Writing in the New Yorker, author Ryan Lizza’s latest article examines what a re-elected Barack Obama might attempt to accomplish in a second term as President. The piece discusses immigration, fiscal policy, and energy, but also includes an interesting passage on health care, and how the Administration might respond should the Supreme Court strike down Obamacare’s individual mandate, but leave the rest of the law in place:
Obama would face a choice: replace the mandate with a new policy or remove the remaining market reforms. One option for replacing the mandate is to push the uninsured into the new system by requiring them to sign up for insurance when applying for other government services, such as food stamps or school loans. But the prospects for this sort of legislation are bleak. “We looked at this,” a former Obama aide said. “We thought it was less constitutional than the mandate. Among the moderate Democrats, the idea that you would pass a bill like this is unimaginable.”
Whether the Supreme Court overturns the law in part or in full, the White House will need to respond publicly. “The strategy is to just go on the offensive and say, ‘Look at Citizens United, look at the health-care decision, look at Bush v. Gore,” the former aide said. “We have an out-of-control activist court….That’s Plan A. Plan B is nothing.”
This passage includes two incredible statements. First, the Obama Administration has examined the idea of forcing individuals to prove they purchased government-approved health insurance every time they interact with public officials – a step not far removed from a “Show Me Your Papers” requirement on every American citizen. The fact that the former Administration official quoted in the piece dismissed such a policy largely on grounds of political expediency – moderate Democrats in Congress would never vote to enact these requirements – speaks volumes to how far the Administration may go to compel individuals to obey its commands.

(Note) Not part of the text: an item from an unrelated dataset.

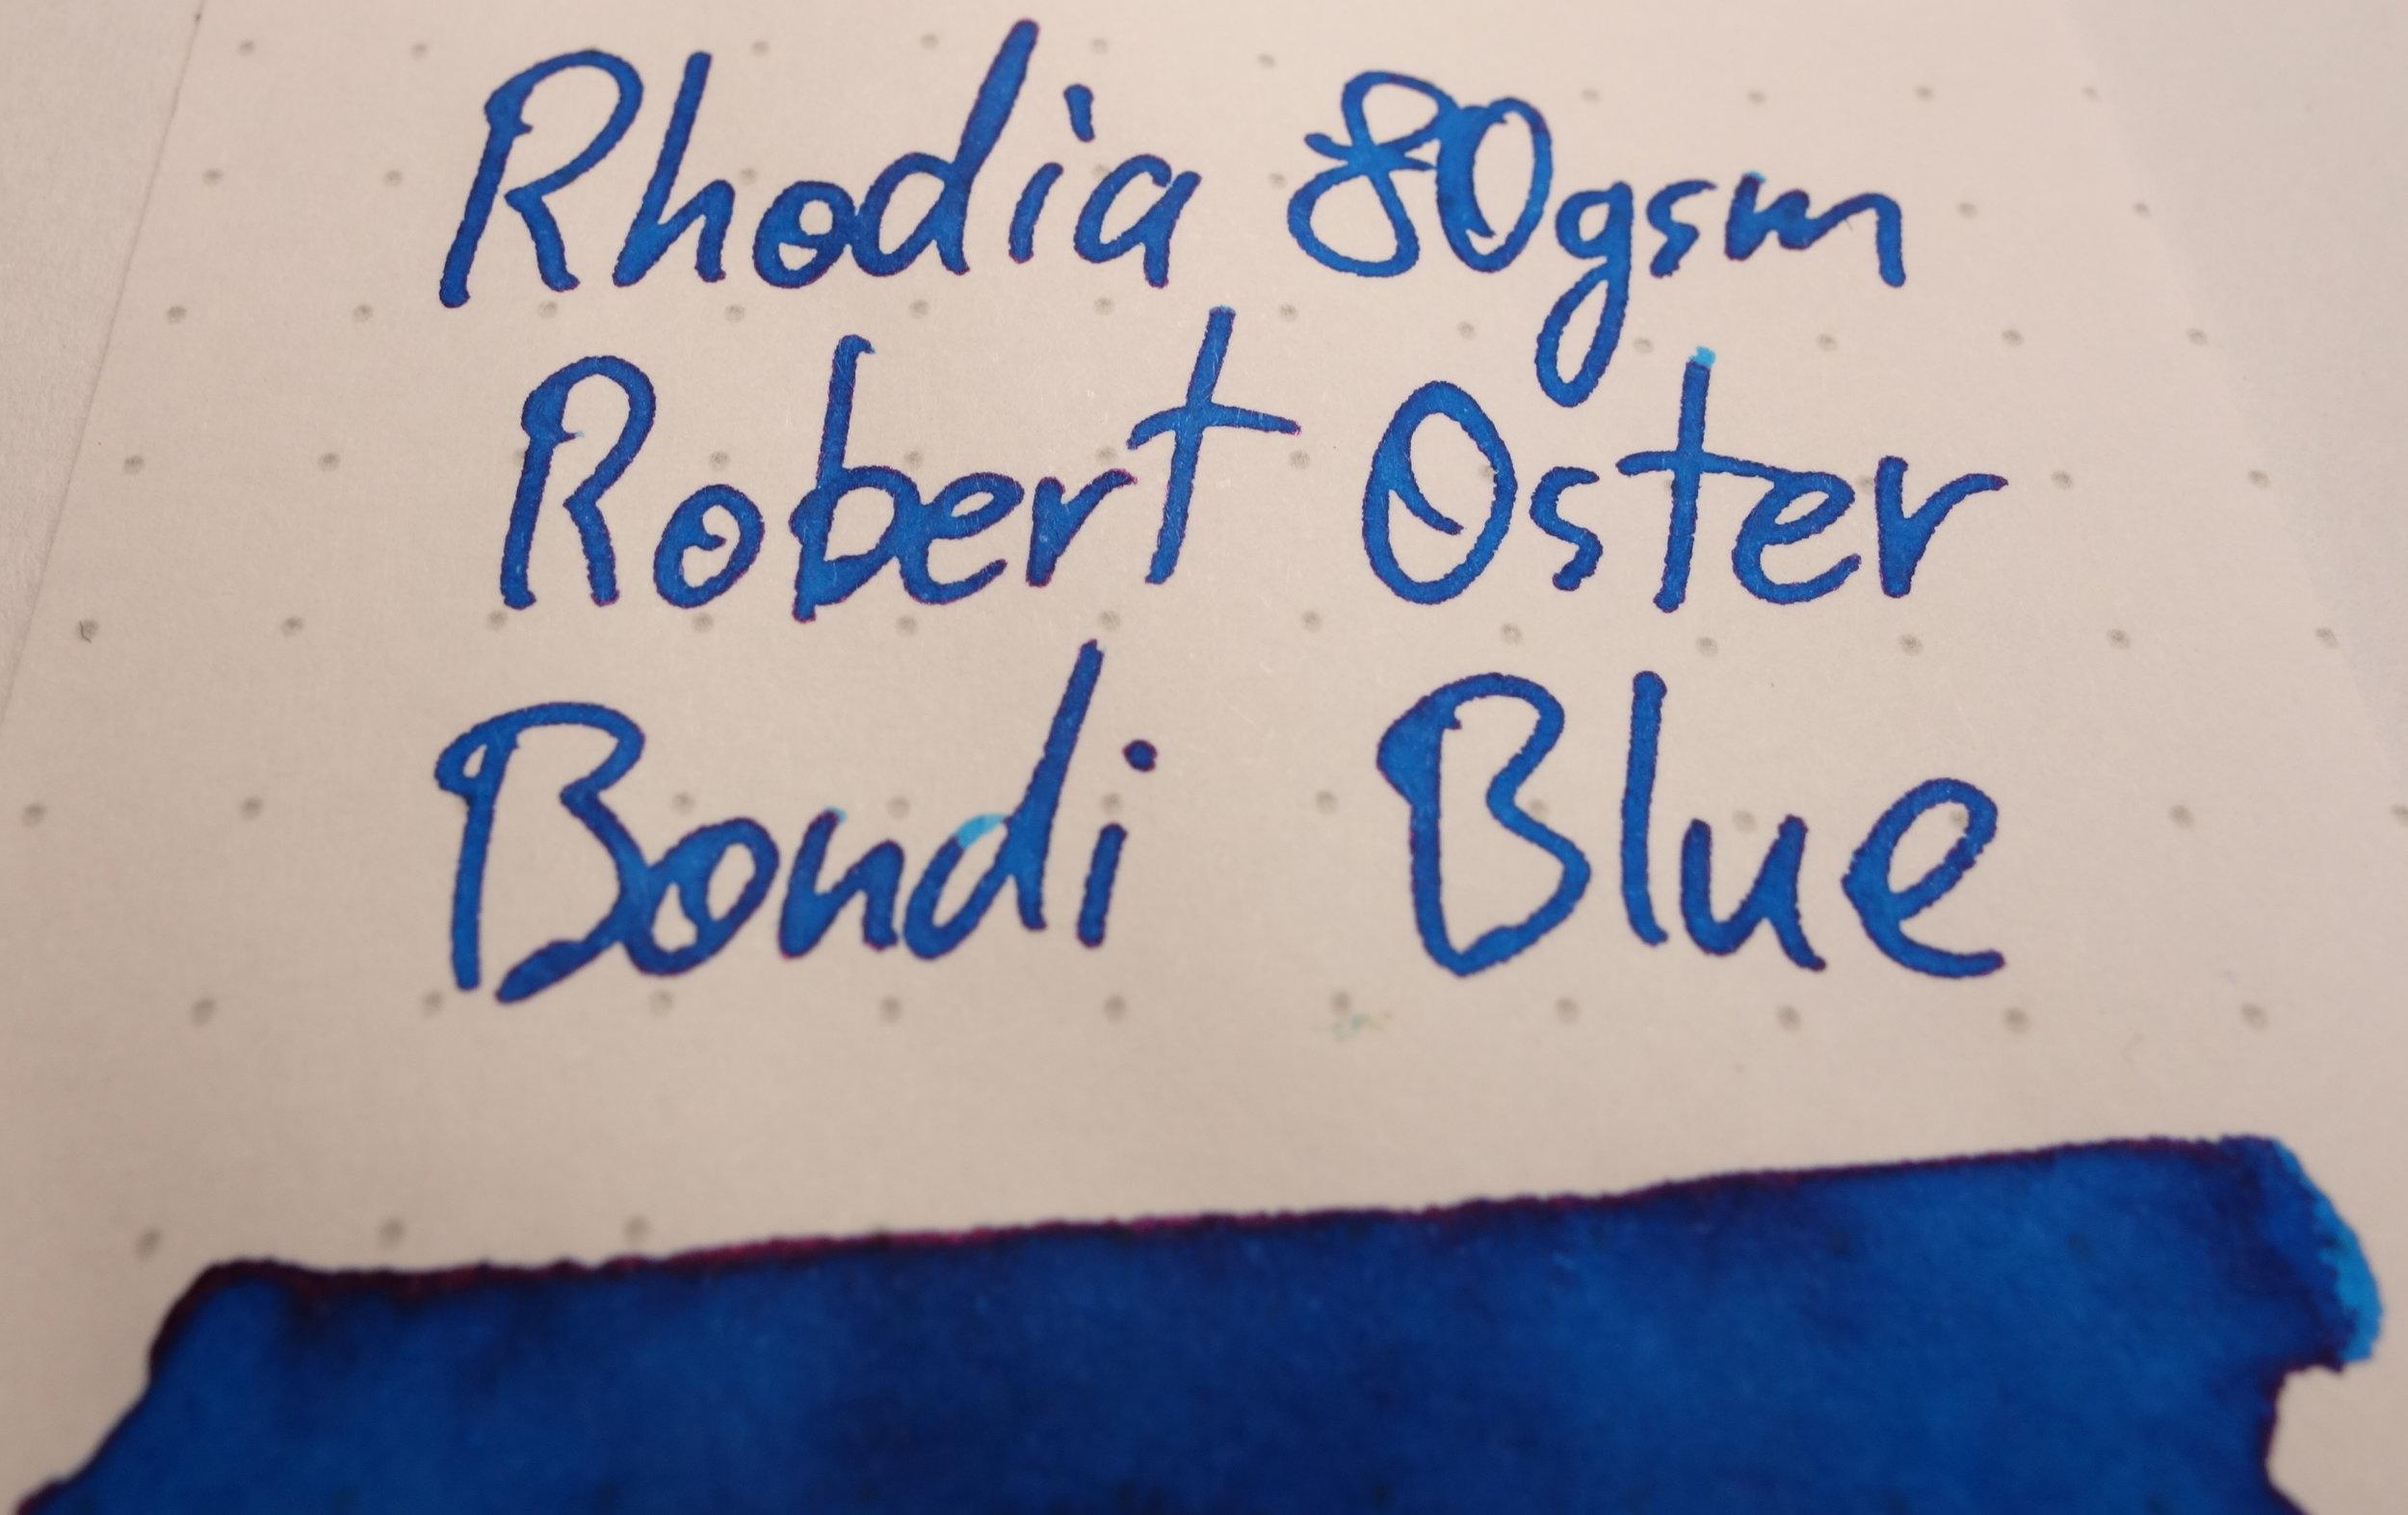 Robert Oster Bondi Blue Sheen Rhodia.JPG

Yet the liberals who would require individuals to purchase government-approved health insurance – and use the full coercive power of the state to enforce such a requirement – are the same individuals who are prepared to criticize conservatives for “out of control activis[m]” if the Supreme Court strikes down some or all of Obamacare. Imposing an unprecedented mandate to purchase a government-defined product certainly qualifies as activism. And the Obama Administration’s idea of forcing citizens to comply with a new “Show Me Your Papers” regime to enforce government-defined health insurance is out-of-control by any reasonable definition. That’s why it’s so critical for the Supreme Court to strike down the individual mandate, and all of Obamacare – not as a measure of judicial activism, but as a way to impose constitutional restraints on an out-of-control Congress and executive.